• **Task prompt**: Retype the material so that each line matches the original exactly.

• **Available data**:
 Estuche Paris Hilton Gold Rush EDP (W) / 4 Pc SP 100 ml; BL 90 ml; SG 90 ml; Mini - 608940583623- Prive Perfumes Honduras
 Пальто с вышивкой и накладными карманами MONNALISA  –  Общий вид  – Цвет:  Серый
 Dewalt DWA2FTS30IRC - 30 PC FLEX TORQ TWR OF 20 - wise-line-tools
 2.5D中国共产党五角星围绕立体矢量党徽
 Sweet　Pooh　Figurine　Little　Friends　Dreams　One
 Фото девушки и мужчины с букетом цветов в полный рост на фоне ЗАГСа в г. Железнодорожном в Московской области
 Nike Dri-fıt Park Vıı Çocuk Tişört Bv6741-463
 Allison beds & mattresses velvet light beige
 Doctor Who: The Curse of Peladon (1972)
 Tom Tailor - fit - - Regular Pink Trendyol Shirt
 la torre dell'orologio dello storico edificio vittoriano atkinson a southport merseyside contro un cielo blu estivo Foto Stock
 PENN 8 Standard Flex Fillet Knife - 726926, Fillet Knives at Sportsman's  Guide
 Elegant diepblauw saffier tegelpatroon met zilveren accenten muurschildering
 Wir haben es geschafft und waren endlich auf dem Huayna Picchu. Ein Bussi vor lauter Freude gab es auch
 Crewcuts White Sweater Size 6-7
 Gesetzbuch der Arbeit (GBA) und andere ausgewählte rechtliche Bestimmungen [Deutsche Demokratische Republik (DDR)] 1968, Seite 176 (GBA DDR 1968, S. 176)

• **Answer section**:
 Estuche Paris Hilton Gold Rush EDP (W) / 4 Pc SP 100 ml; BL 90 ml; SG 90 ml; Mini - 608940583623- Prive Perfumes Honduras
 Пальто с вышивкой и накладными карманами MONNALISA  –  Общий вид  – Цвет:  Серый
 Dewalt DWA2FTS30IRC - 30 PC FLEX TORQ TWR OF 20 - wise-line-tools
 2.5D中国共产党五角星围绕立体矢量党徽
 Sweet　Pooh　Figurine　Little　Friends　Dreams　One
 Фото девушки и мужчины с букетом цветов в полный рост на фоне ЗАГСа в г. Железнодорожном в Московской области
 Nike Dri-fıt Park Vıı Çocuk Tişört Bv6741-463
 Allison beds & mattresses velvet light beige
 Doctor Who: The Curse of Peladon (1972)
 Tom Tailor - fit - - Regular Pink Trendyol Shirt
 la torre dell'orologio dello storico edificio vittoriano atkinson a southport merseyside contro un cielo blu estivo Foto Stock
 PENN 8 Standard Flex Fillet Knife - 726926, Fillet Knives at Sportsman's  Guide
 Elegant diepblauw saffier tegelpatroon met zilveren accenten muurschildering
 Wir haben es geschafft und waren endlich auf dem Huayna Picchu. Ein Bussi vor lauter Freude gab es auch
 Crewcuts White Sweater Size 6-7
 Gesetzbuch der Arbeit (GBA) und andere ausgewählte rechtliche Bestimmungen [Deutsche Demokratische Republik (DDR)] 1968, Seite 176 (GBA DDR 1968, S. 176)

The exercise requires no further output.